Validating Financial Data with PDL
My job involves financial market data. A lot of financial market data. I take the market data from various sources and store it in a database for later analysis.
Being a programmer/analyst and not a mathematician with a Ph.D. in finance, my use for time series analytics falls into the "ensure correct data is being collected" category. But even then, some basic statistical analysis helps me preserve quality historical data for later use.
PDL is perfect for doing these kinds of calculations very quickly. Combined with PDL::Finance::TA, all the hard work is already done, and all I need to do is wire it all up.

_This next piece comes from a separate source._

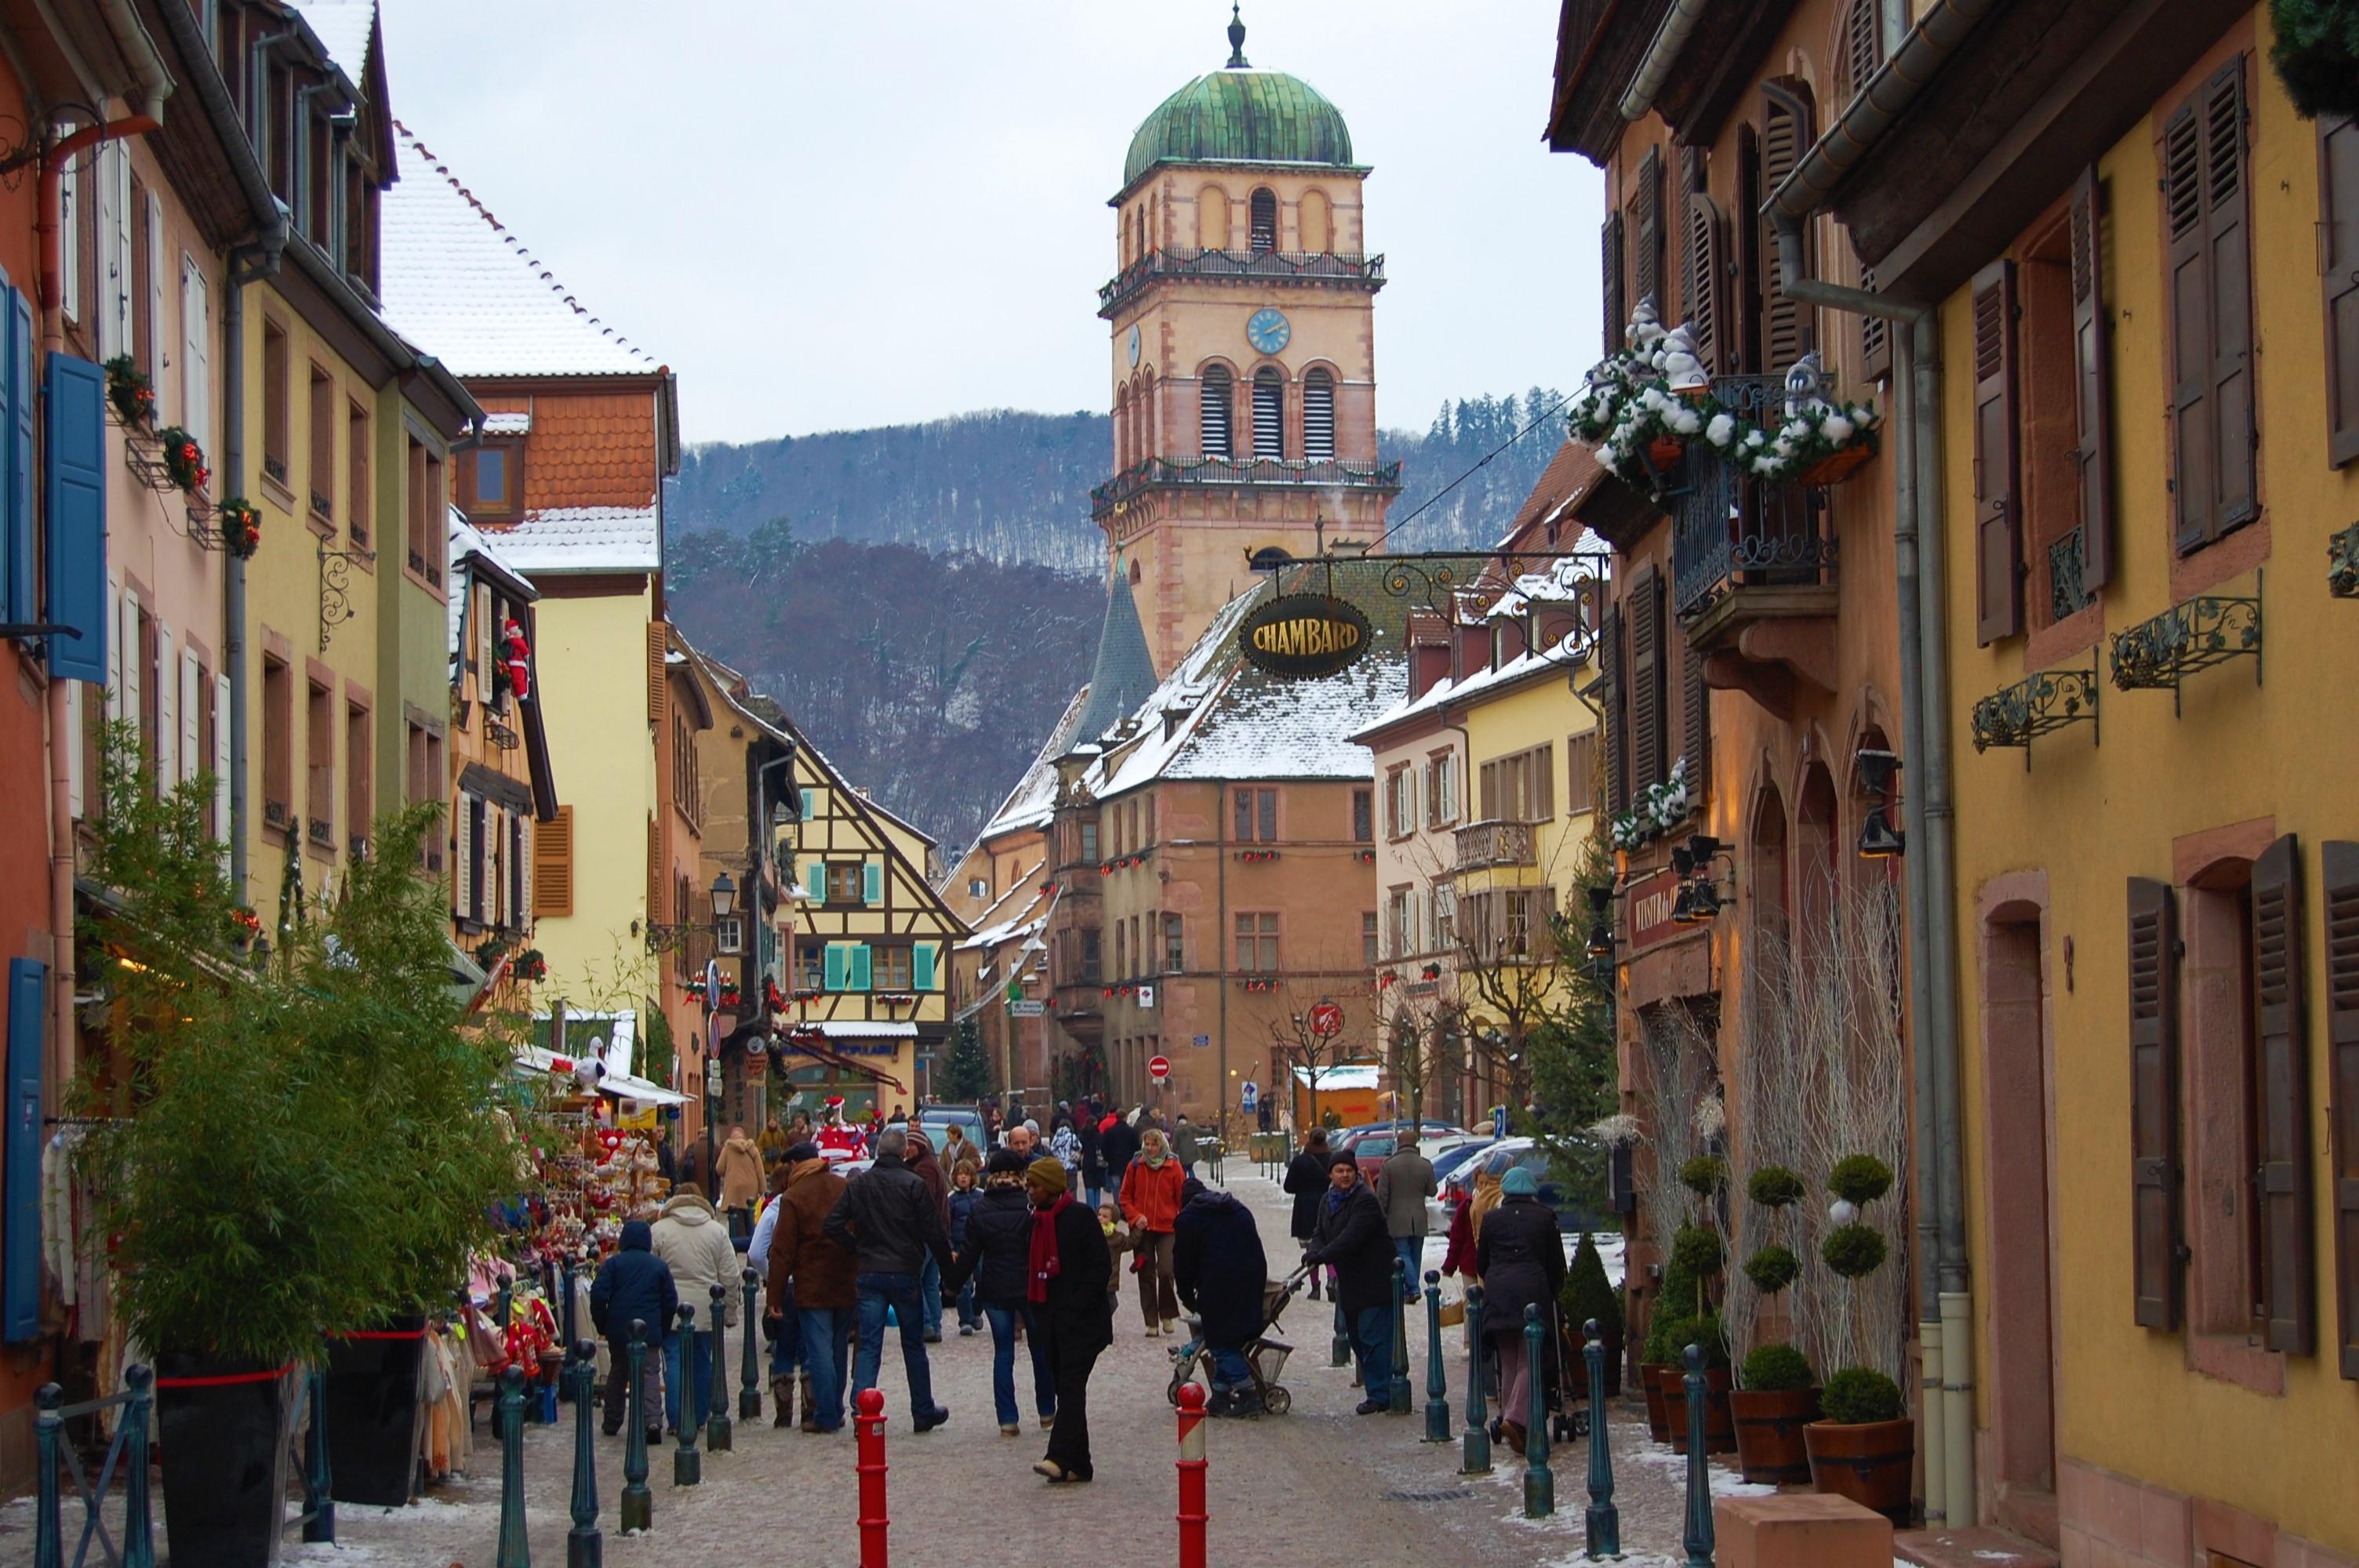 クリスマス前に訪れたい!アルザスの可愛い村~Kayserbergカイゼルブルグ~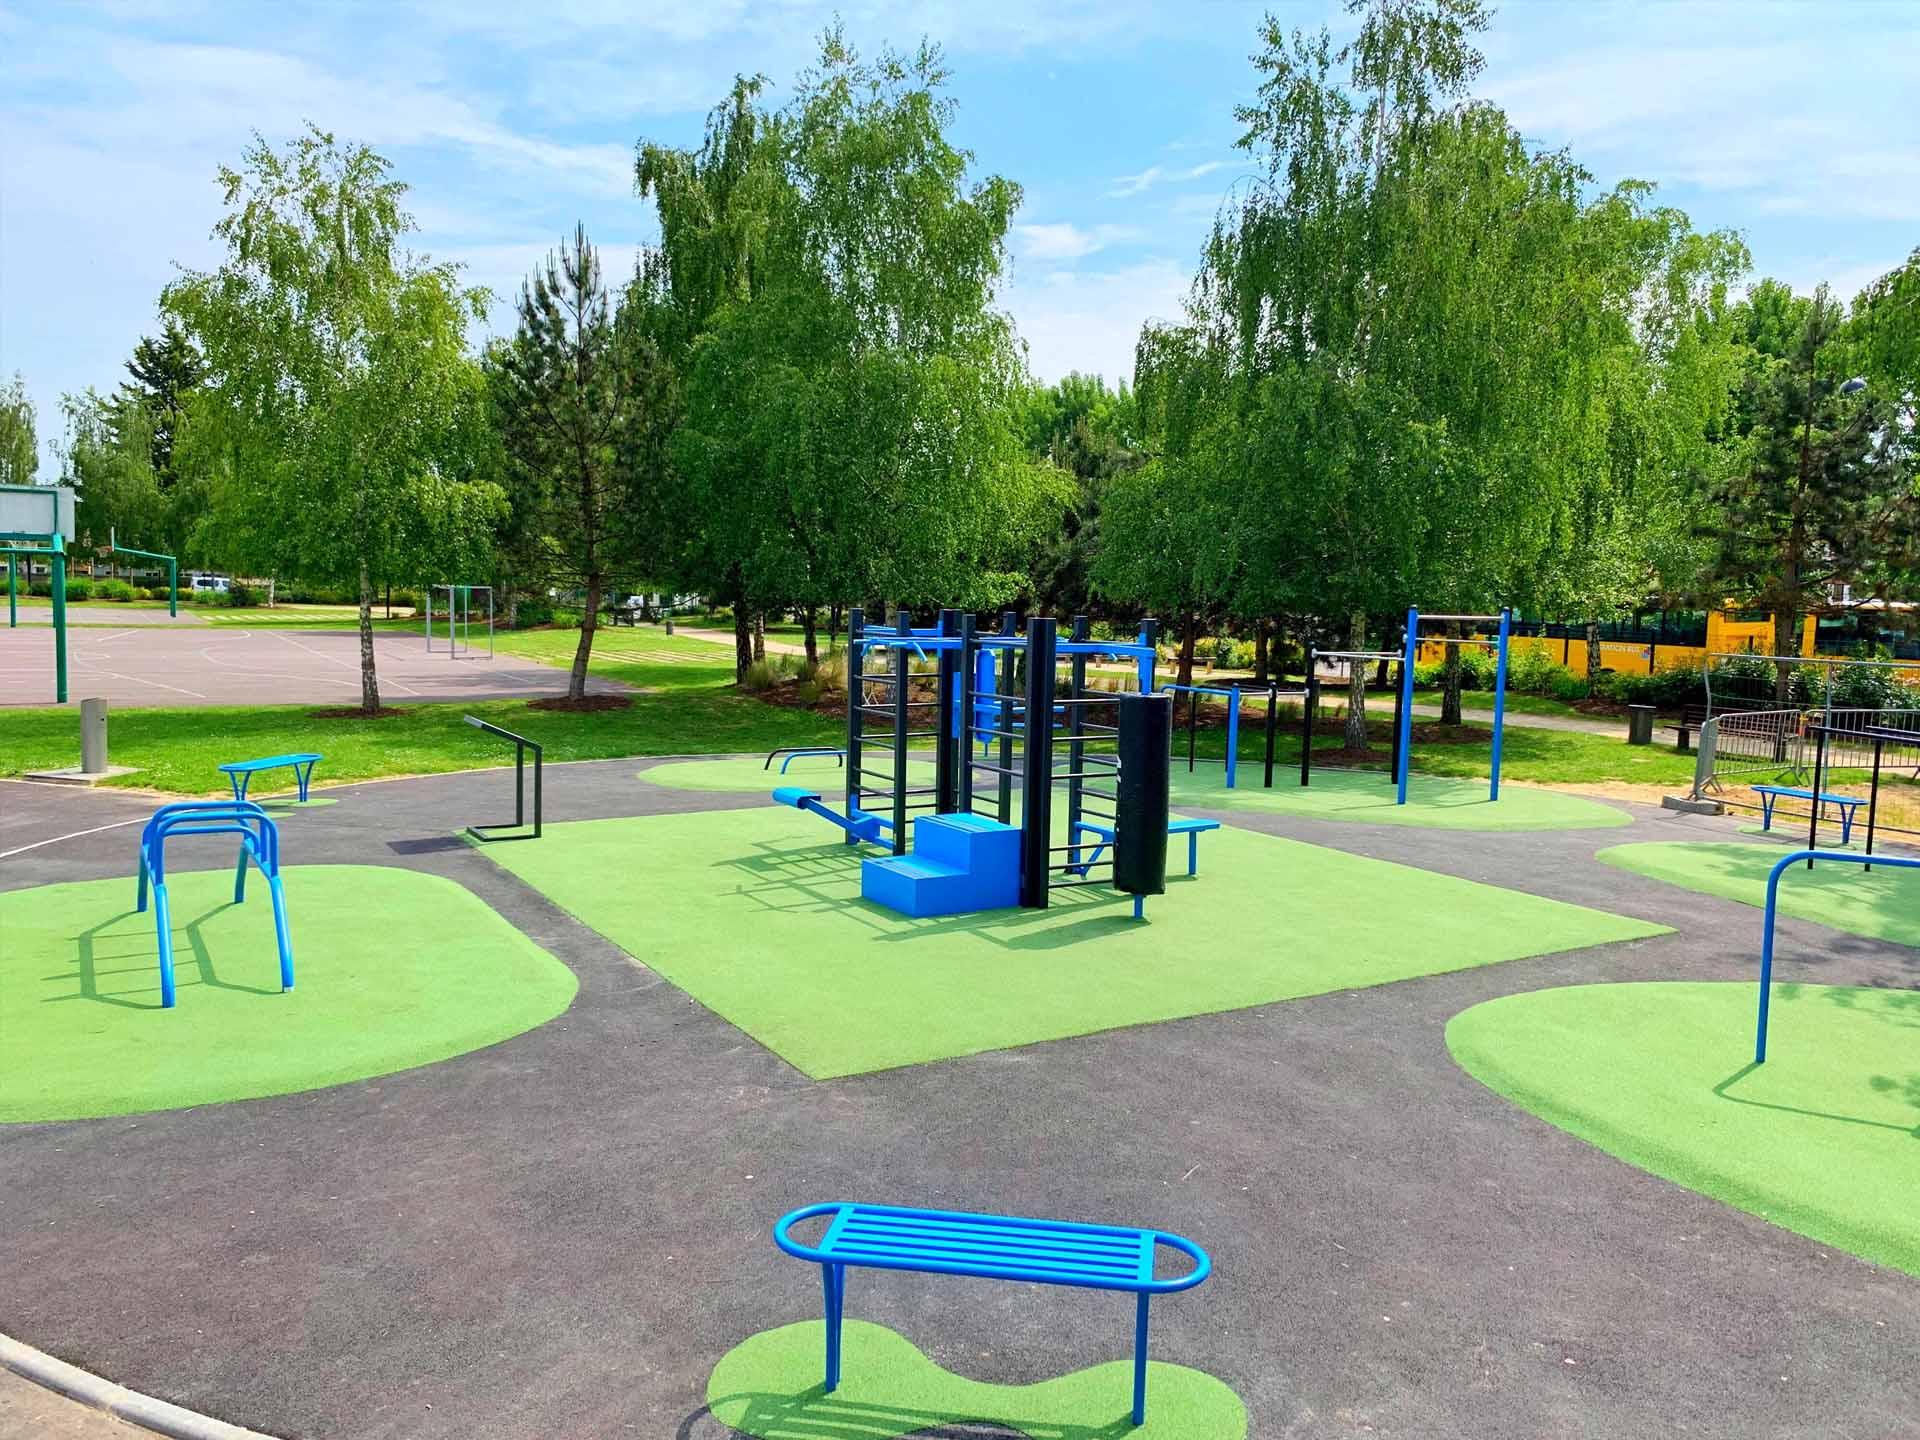 Photo du plateau sportif de plein air au Jardin Sportif de Val de Reuil

Let's take a large set of random numbers. If our random number generator were perfect, we would expect that the set would be evenly distributed because each possible value is exactly as possible as any other value. If we calculate the standard deviation (stddev, a measurement of how disperse the data set is), we would expect that 99.7% of the points would be within 3 standard deviations of the mean (average).
So, if we write a test that checks to see if a new (completely random) point is within 3 stddev, there is a 0.3% chance that new (completely random) point will fail our test. If we bump that to 4 stddev, we should expect 99.99% of the points to pass the test, and 0.01% of the points to fail (1 of every 15787). If I collect 500,000 (completely random) points in a day, then 50 of them will fail our test.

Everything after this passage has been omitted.